Hello World: Your First Agent

With the minerl package installed on your system you can now make your first agent in Minecraft!

To get started, let’s first import the necessary packages

import gym
import minerl

Creating an environment

Now we can choose any one of the many environments included in the minerl package. To learn more about the environments checkout the environment documentation.

For this tutorial we’ll choose the MineRLNavigateDense-v0 environment. In this task, the agent is challenged with using a first-person perspective of a random Minecraft map and navigating to a target.

To create the environment, simply invoke gym.make

env = gym.make('MineRLNavigateDense-v0')

Caution

Currently minerl only supports environment rendering in headed environments (servers with monitors attached).

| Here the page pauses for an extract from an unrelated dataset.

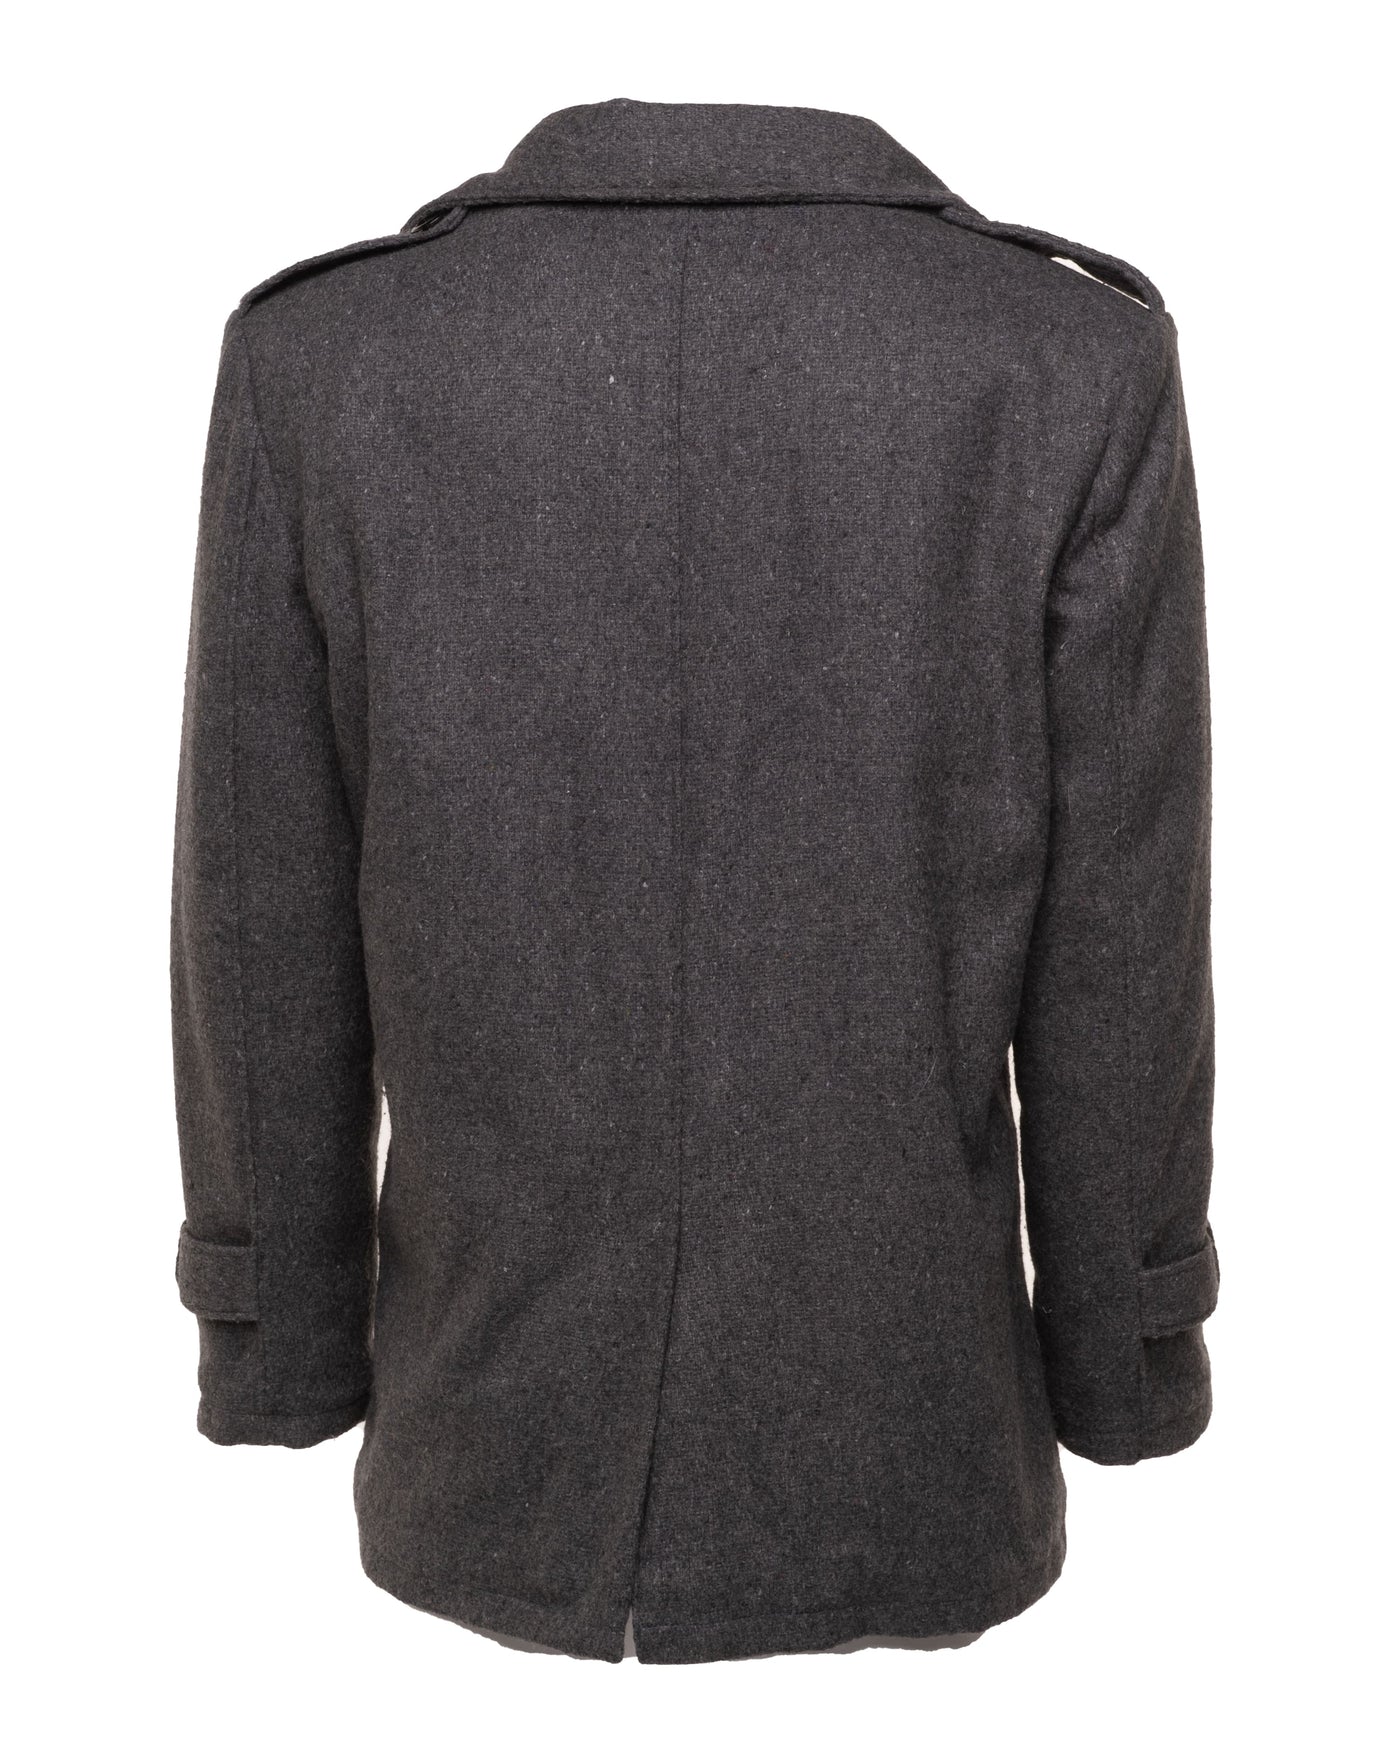 Deon John's Grey Wool Long Coat with Epaulettes

In order to run minerl environments without a head use a software renderer such as xvfb:

xvfb-run python3 <your_script.py>

Alternatively, you can use an environment variable which automatically adds xvfb when launching MineRL:

MINERL_HEADLESS=1 python3 <your_script.py>

Note

If you’re worried and want to make sure something is happening behind the scenes install a logger before you create the envrionment.

import logging
logging.basicConfig(level=logging.DEBUG)

env = gym.make('MineRLNavigateDense-v0')

Taking actions

As a warm up let’s create a random agent. 🧠

Now we can reset this environment to its first position and get our first observation from the agent by resetting the environment.

Note

The first time you run this command to complete, it will take a while as it is recompiling Minecraft with the MineRL simulator mod (can be as long as 15-30 minutes)!

obs = env.reset()

The obs variable will be a dictionary containing the following observations returned by the environment. In the case of the MineRLNavigate-v0 environment, three observations are returned: pov, an RGB image of the agent’s first person perspective; compassAngle, a float giving the angle of the agent to its (approximate) target; and inventory, a dictionary containing the amount of 'dirt' blocks in the agent’s inventory (this is useful for climbing steep inclines).

{
    'pov': array([[[ 63,  63,  68],
        [ 63,  63,  68],
        [ 63,  63,  68],
        ...,
        [ 92,  92, 100],
        [ 92,  92, 100],
        [ 92,  92, 100]],,

        ...,


        [[ 95, 118, 176],
        [ 95, 119, 177],
        [ 96, 119, 178],
        ...,
        [ 93, 116, 172],
        [ 93, 115, 171],
        [ 92, 115, 170]]], dtype=uint8),
    'compass': {'angle': array(-63.48639)},
    'inventory': {'dirt': 0}
}

Note

To see the exact format of observations returned from and the exact action format expected by env.step for any environment refer to the environment reference documentation!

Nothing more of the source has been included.